Aku menyebutnya lelaki kereta. Dia merokok diam-diam di salah satu gerbong. Tapi kupikir asap rokok dan pikirannya tengah ramai berbincang. Dan bunyi kriyet-kriyet terlalu nyaring di telingaku saat angin berdesau. Meski tampaknya tak mengganggu percakapan itu, dan jelas tak juga menggangguku. Aku suka di sini.
“Mari, naik kereta.” Pemuda di sisiku berkata dengan nada yang terlalu santun. Kami telah mencapai bagian paling atas tangga dan lelaki kereta itu tampaknya hal pertama yang sama-sama kami lihat.

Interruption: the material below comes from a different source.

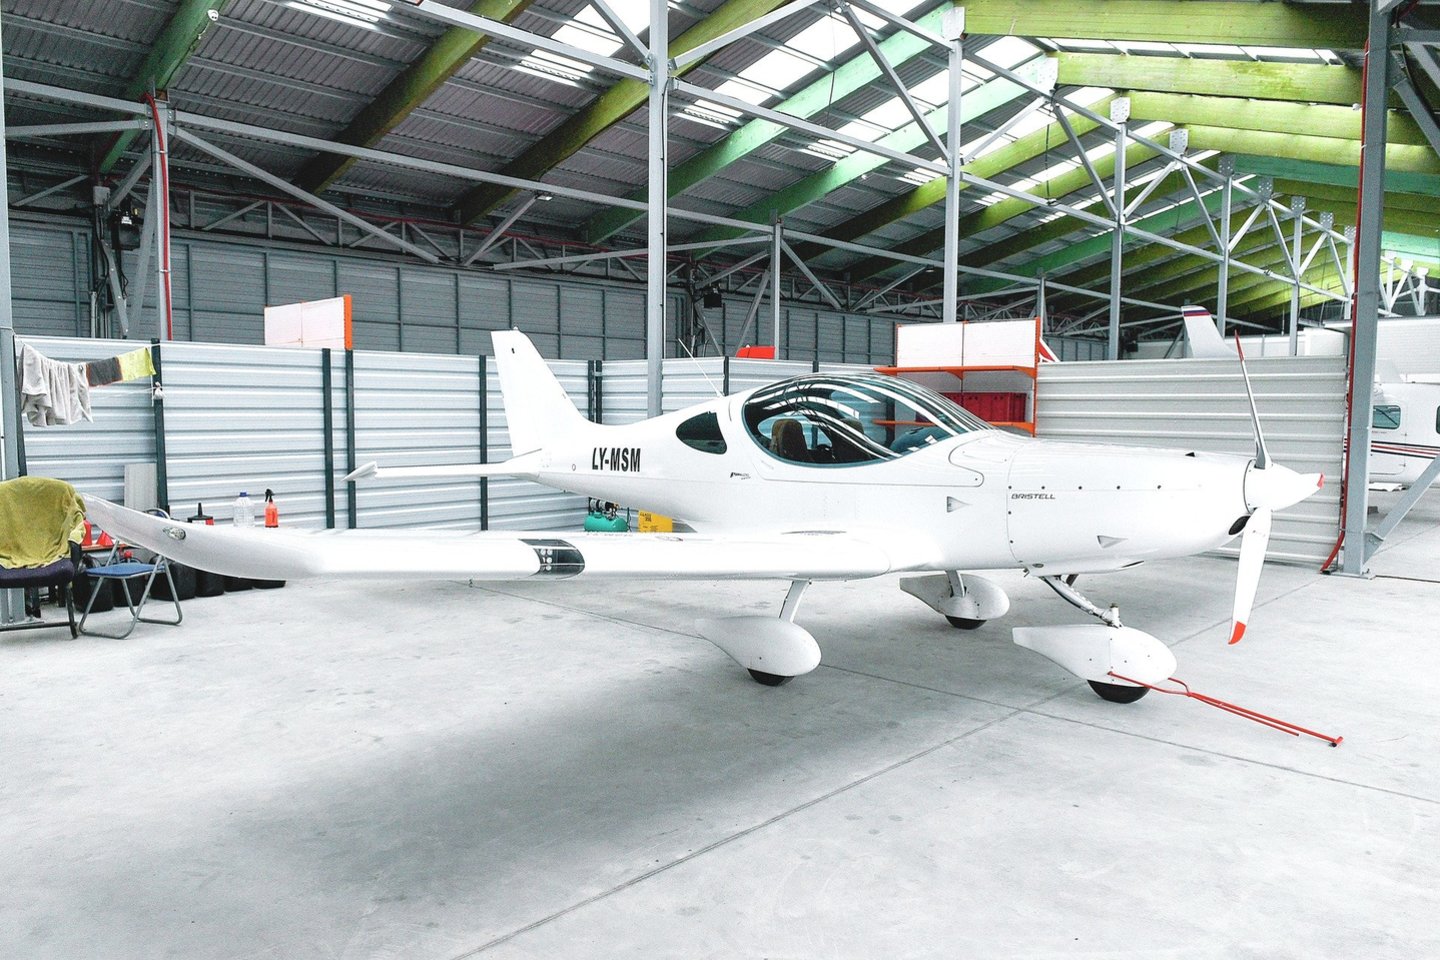 Radžiūnų aviacijos bazės angaruose saugomi ir kitų asmenų privatūs ultralengvieji lėktuvai.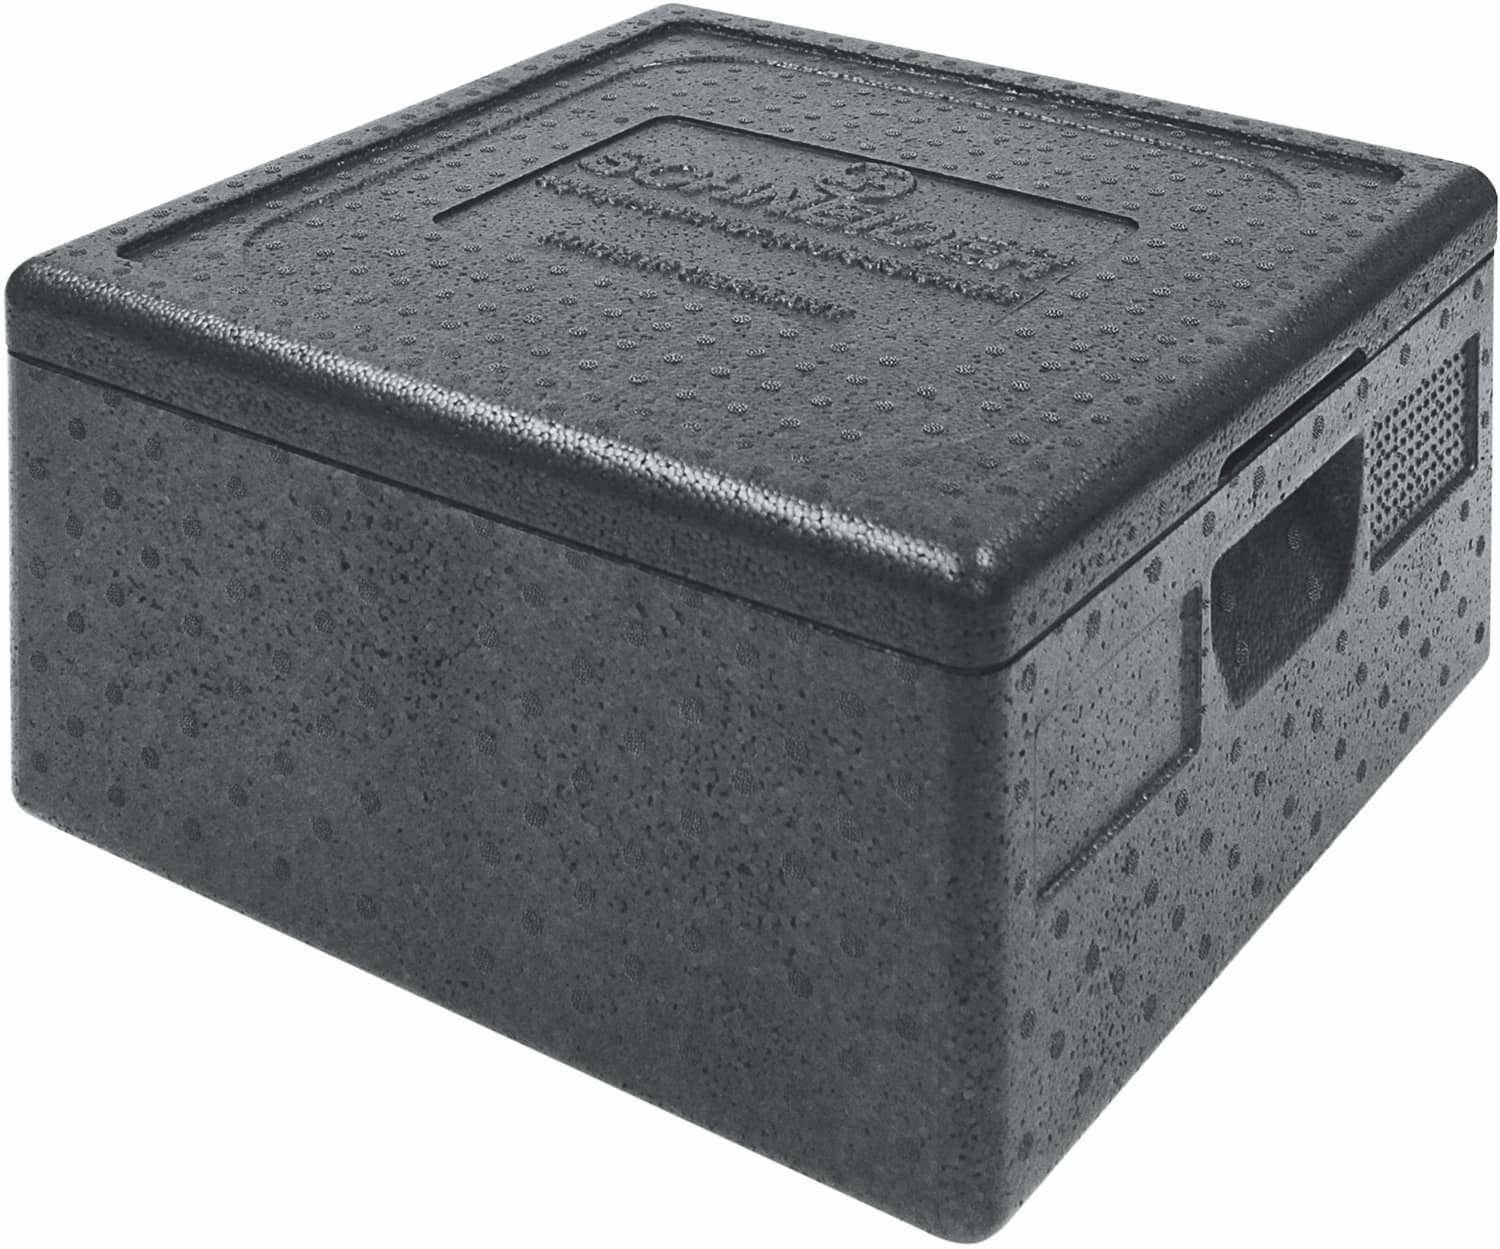 EPP insulation box TOP-BOX PIZZA SMALL

Kami bertemu di pintu masuk benteng beberapa waktu lalu. “Sudah hampir tutup, Nona. Dan Anda datang ke sini. Apa yang dicari?” Ia lebih dulu menyapaku dengan kalimat yang begitu kaku.
Aku mengamatinya. Usianya mungkin tiga puluh tahun. Bisa jadi lebih tua lagi. Rambutnya ikal dipangkas pendek. “Hmm… aku tidak meragukan seleramu atau katakanlah kesukaanmu pada sejarah. Tapi, datang ke sini saat mendung dan menjelang tutup begini tentu tak banyak yang bisa dinikmati, ‘kan?”
“Aku suka kereta. Aku suka di sini,” kataku. Aku enggan balik bertanya alasan lelaki itu memutuskan datang ke sini saat ini. Angin berembus dan rok yang kukenakan setengah berkibar. Aku mencoba menahannya. Aku benci jika bagian tubuhku terlihat. Apalagi saat aku melihat kilat di mata pemuda itu. Itu kilat yang dihasilkan dari perintah benda kecil di tempurung kepalanya untuk menginginkan milik orang lain.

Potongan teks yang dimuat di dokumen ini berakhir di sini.